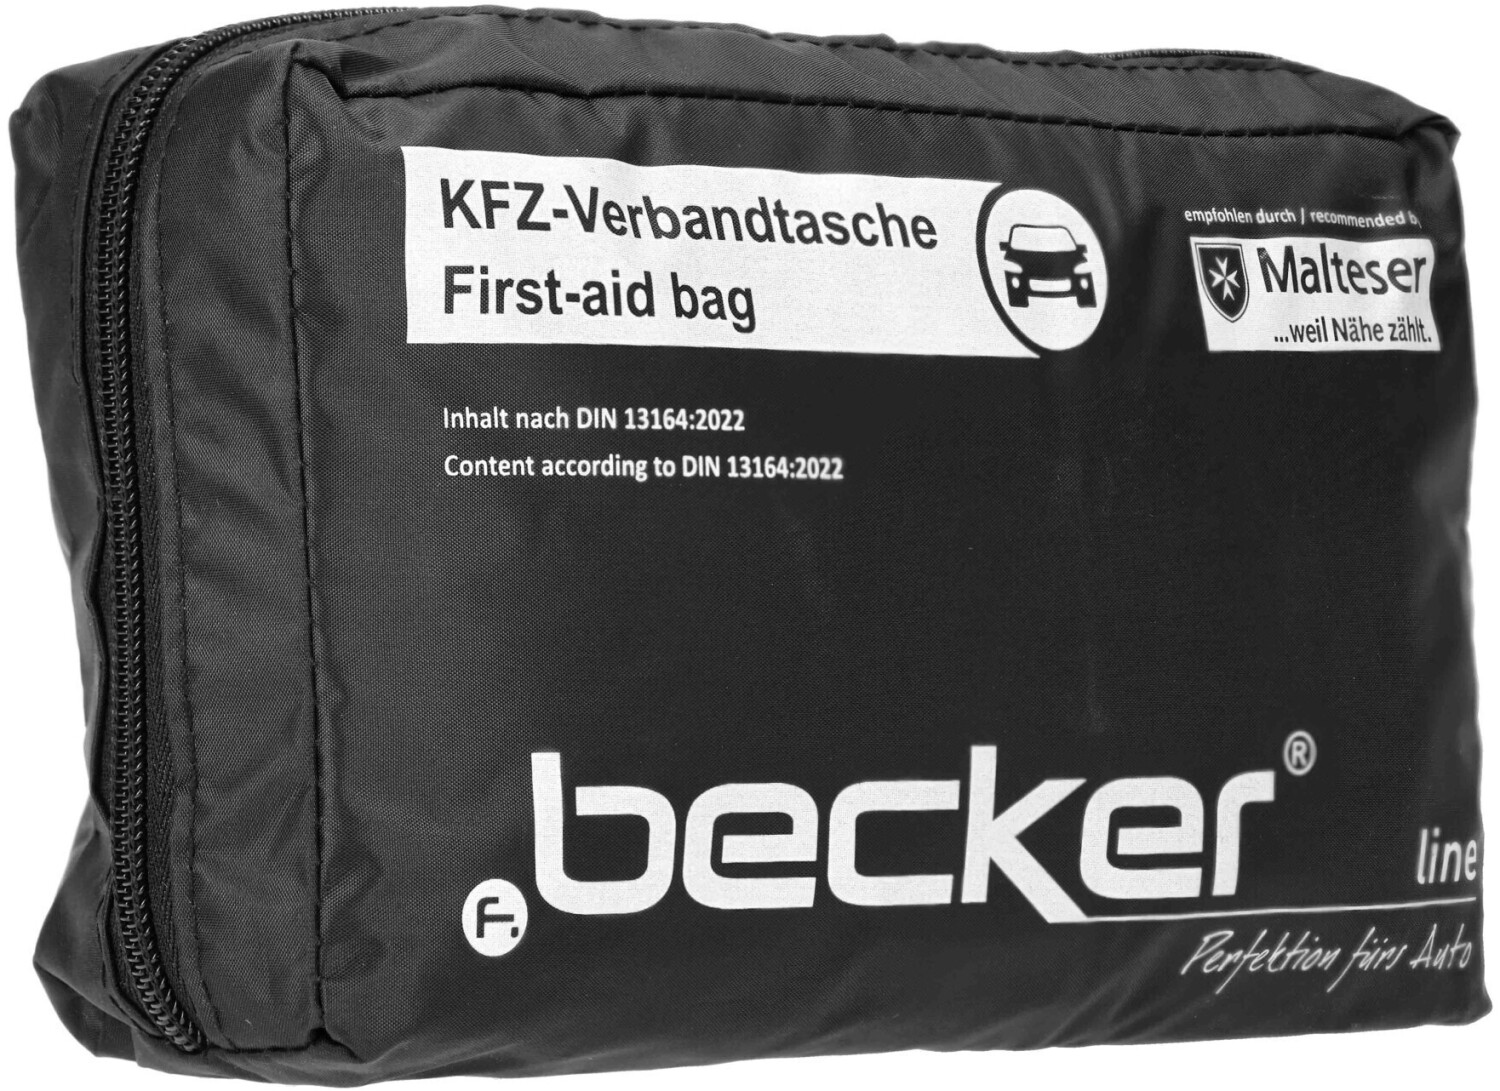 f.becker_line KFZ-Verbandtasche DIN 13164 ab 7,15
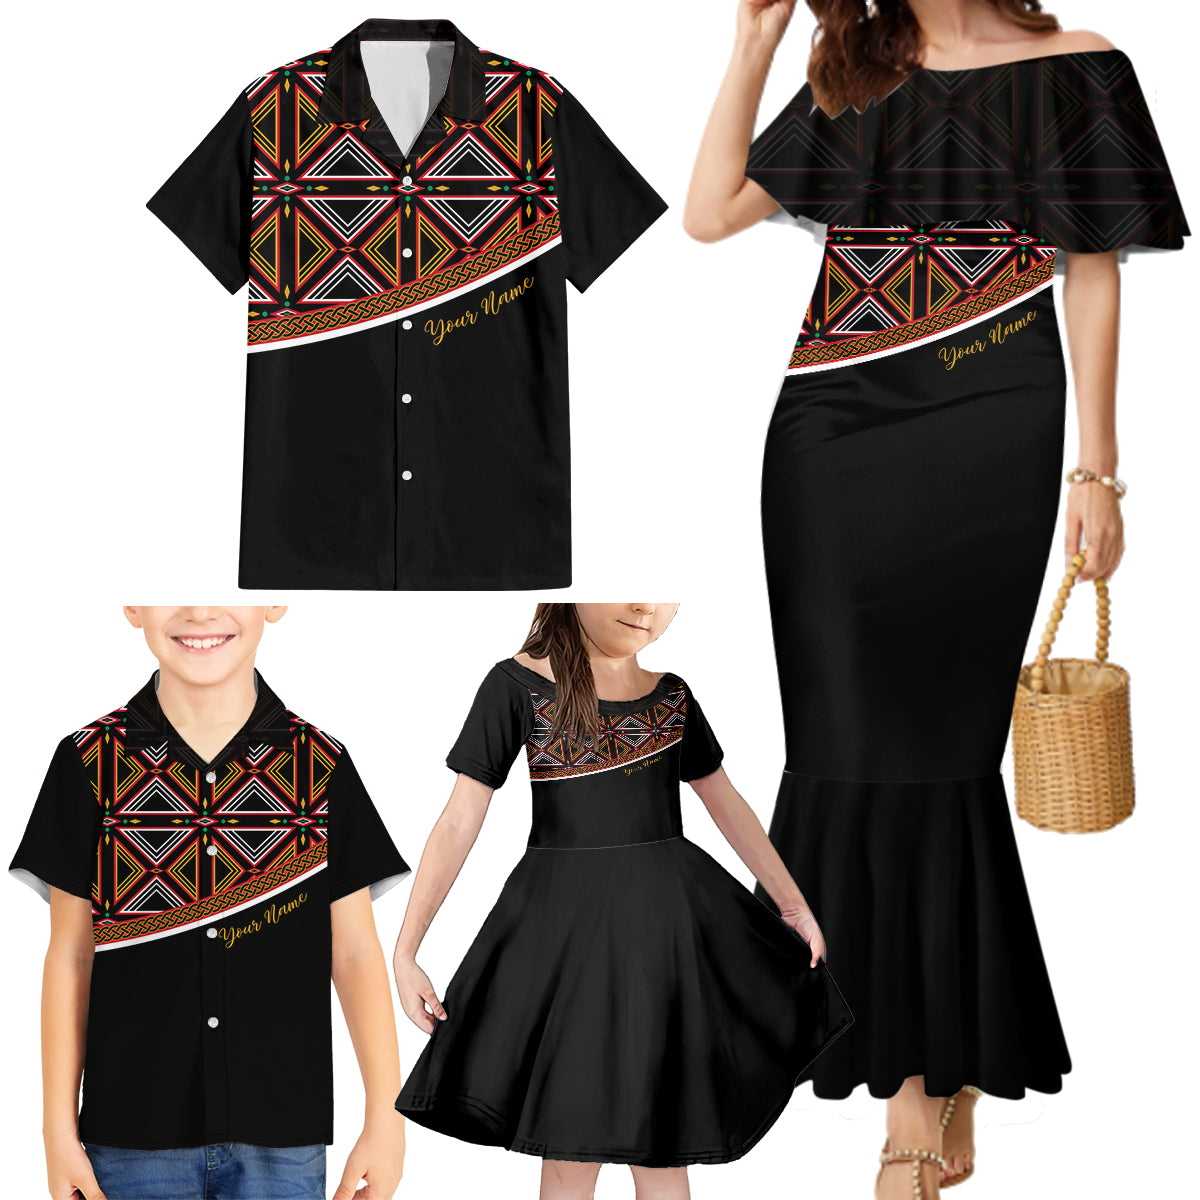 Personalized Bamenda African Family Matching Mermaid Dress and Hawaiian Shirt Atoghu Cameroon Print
* * *
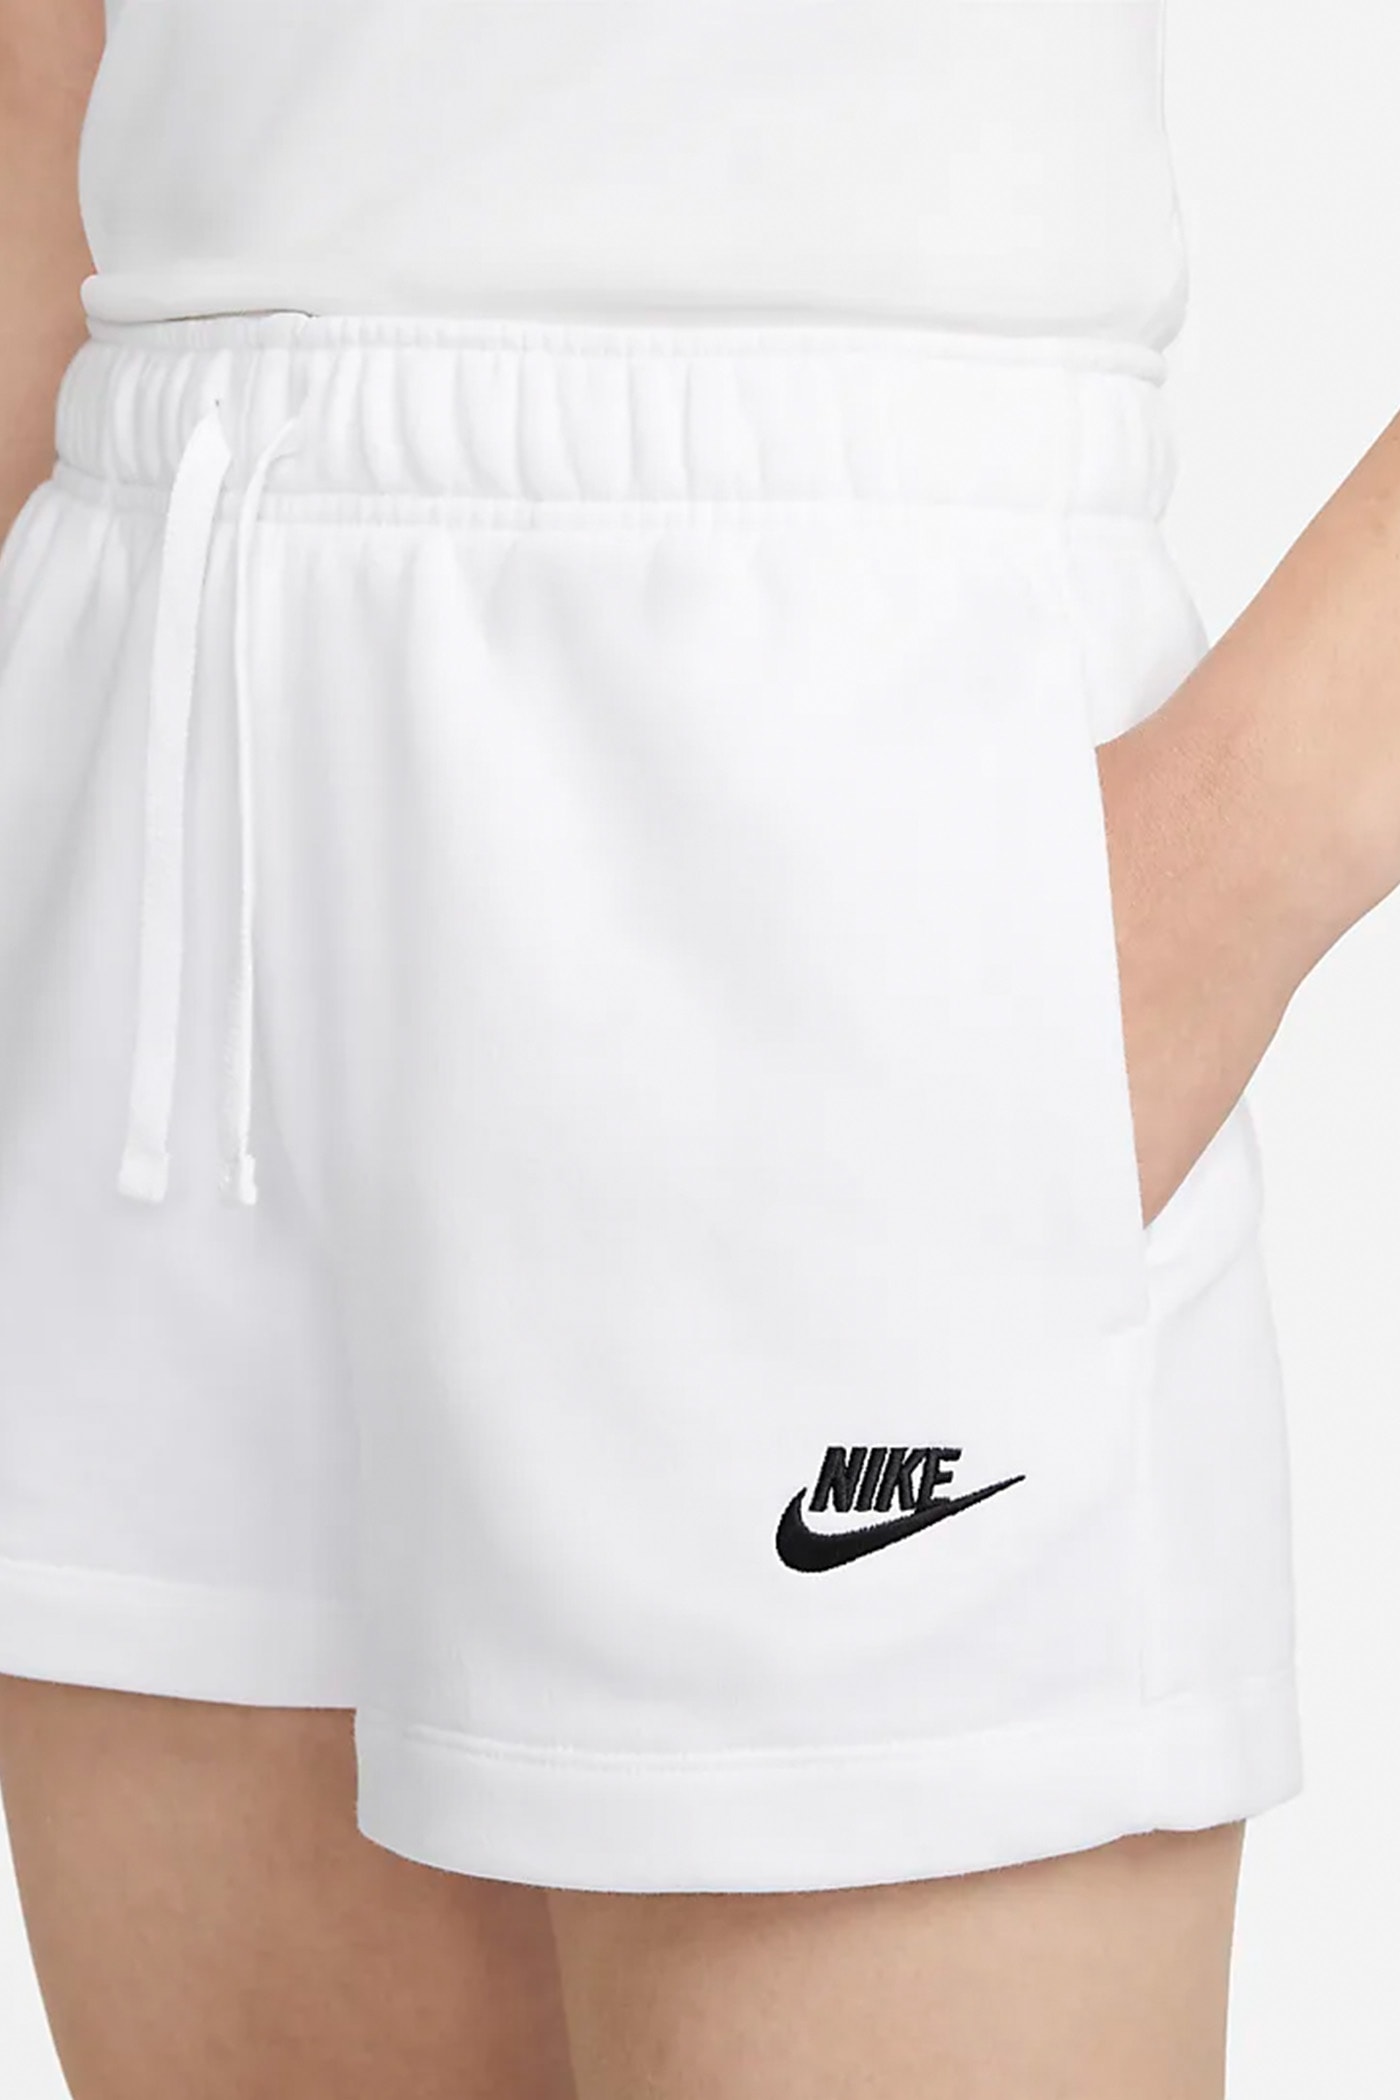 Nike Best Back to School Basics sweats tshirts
---
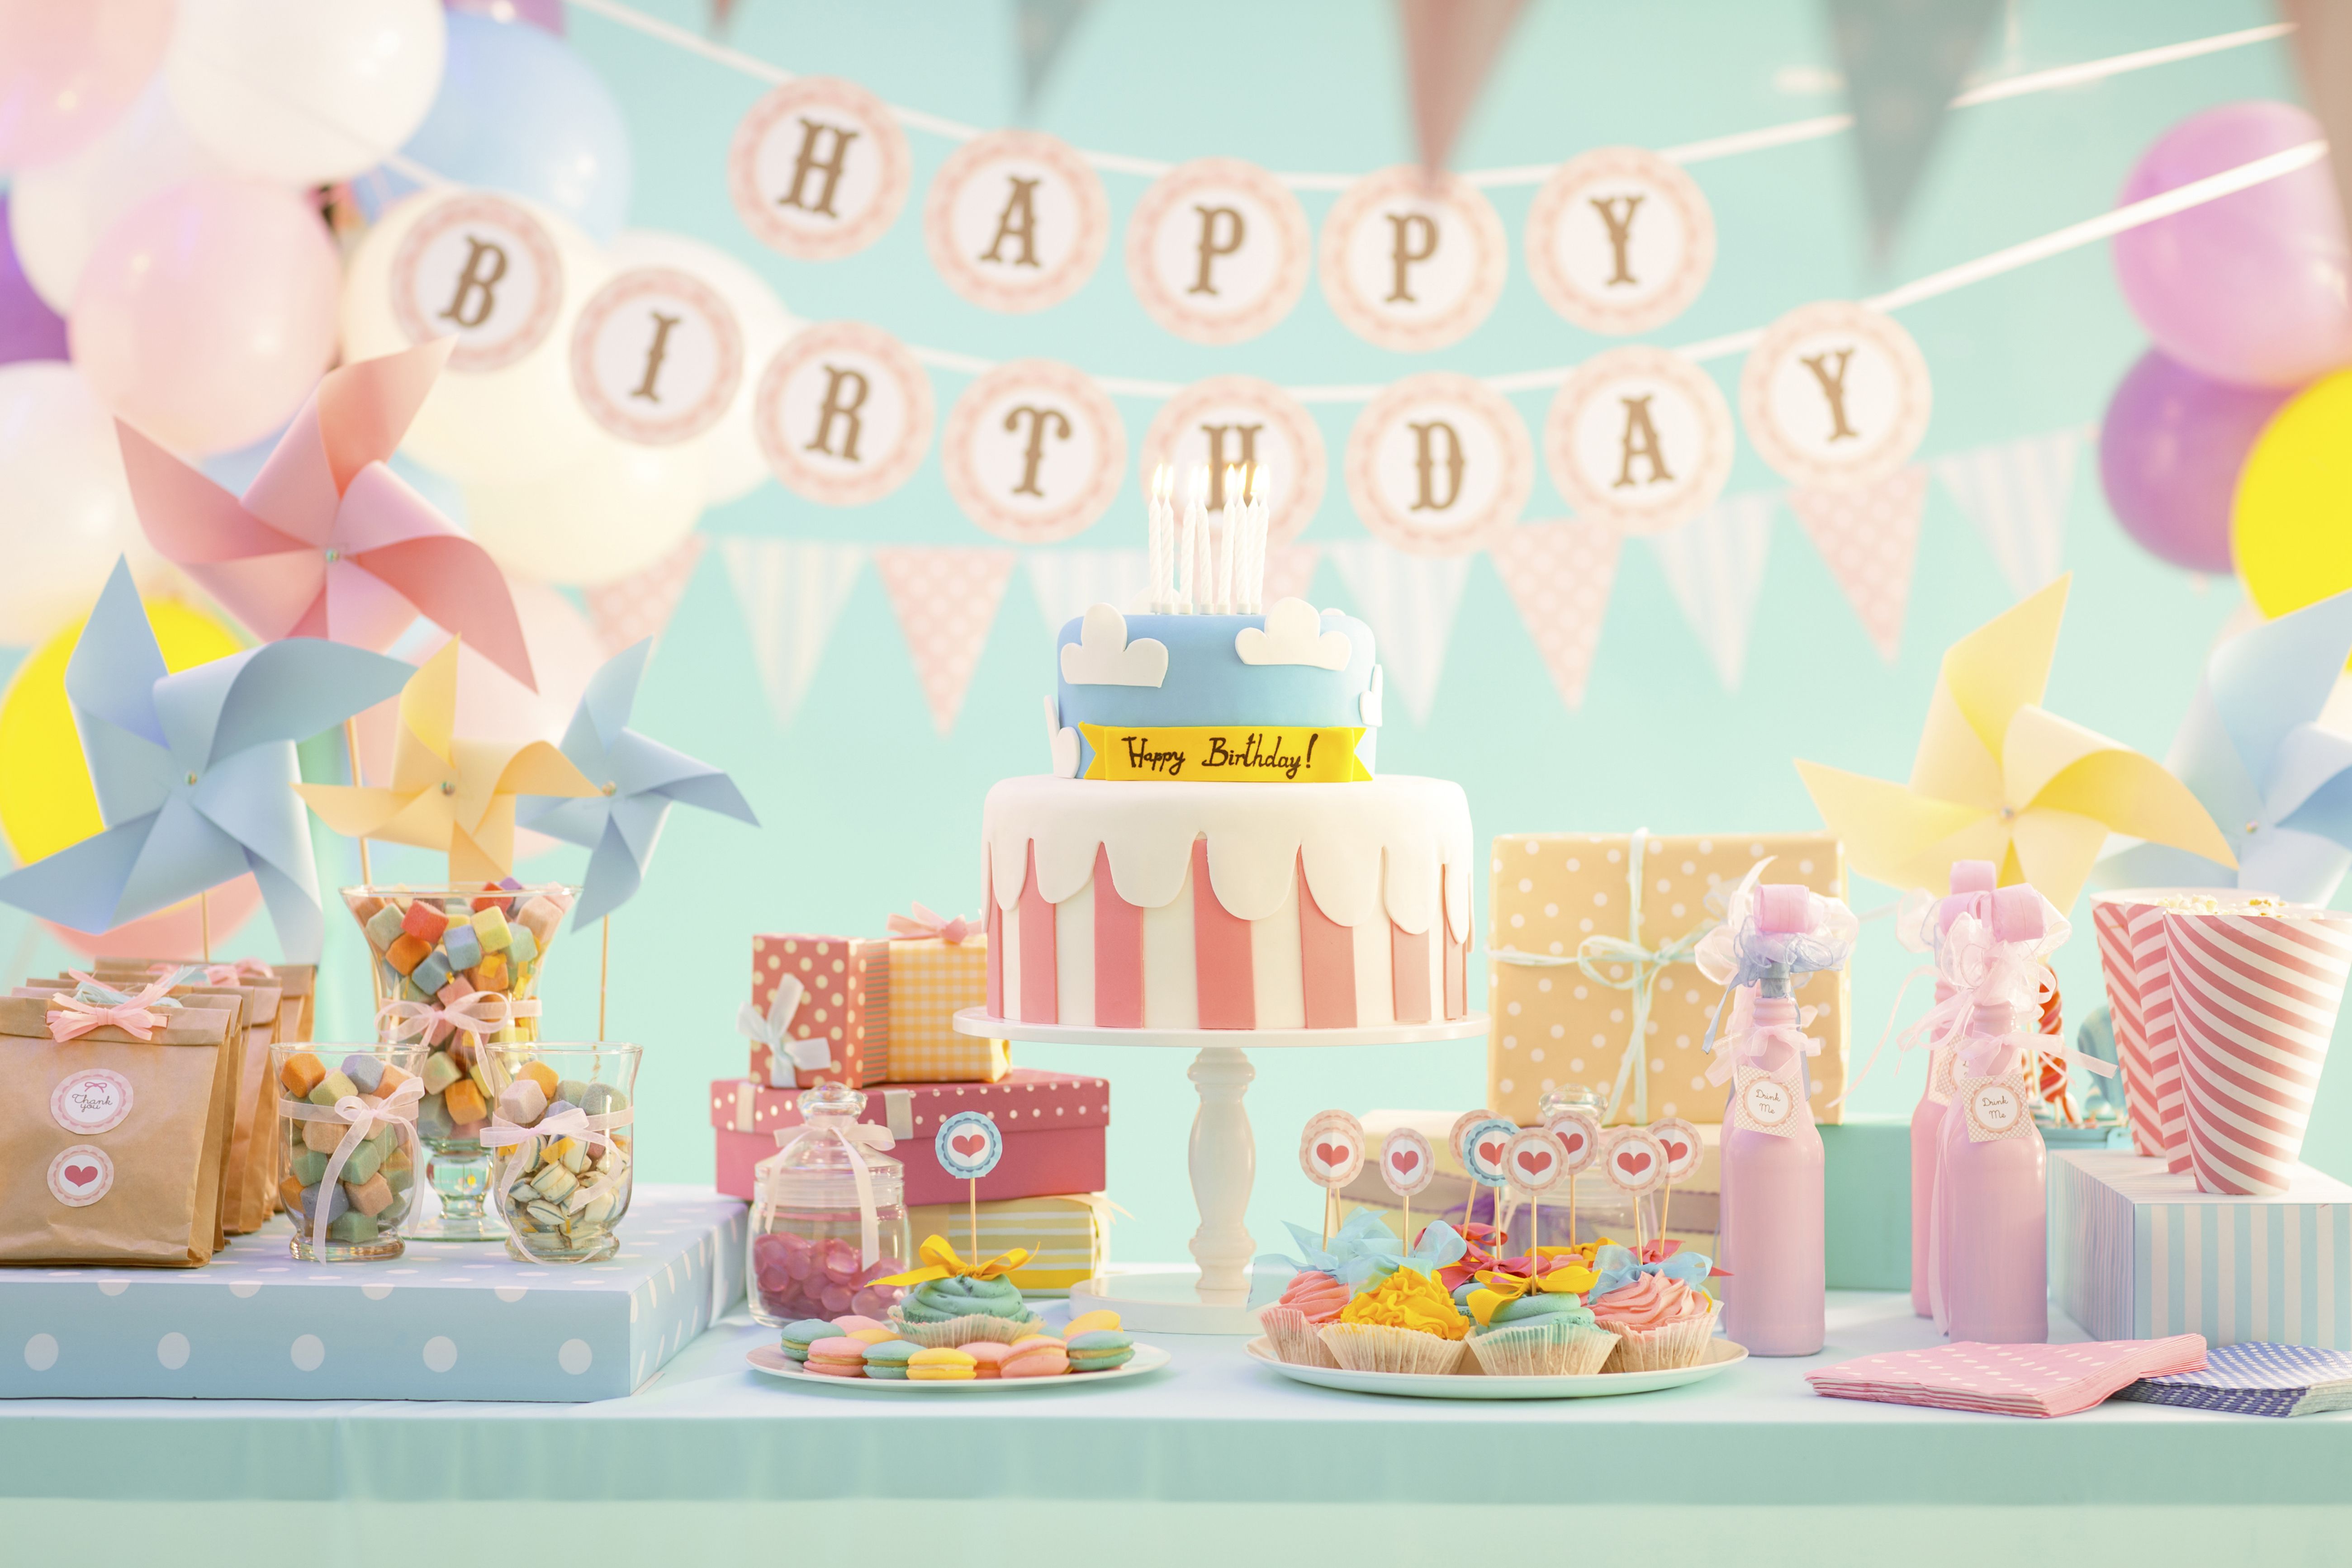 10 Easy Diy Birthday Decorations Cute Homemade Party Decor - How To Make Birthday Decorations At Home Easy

**Task brief**
Exact copy, pictures excluded: every line above from the one containing "f.becker_line KFZ-Verbandtasche DIN" to the one containing "Personalized Bamenda African", inclusive, and nothing more.

**Exercise output**
 f.becker_line KFZ-Verbandtasche DIN 13164 ab 7,15
 Personalized Bamenda African Family Matching Mermaid Dress and Hawaiian Shirt Atoghu Cameroon Print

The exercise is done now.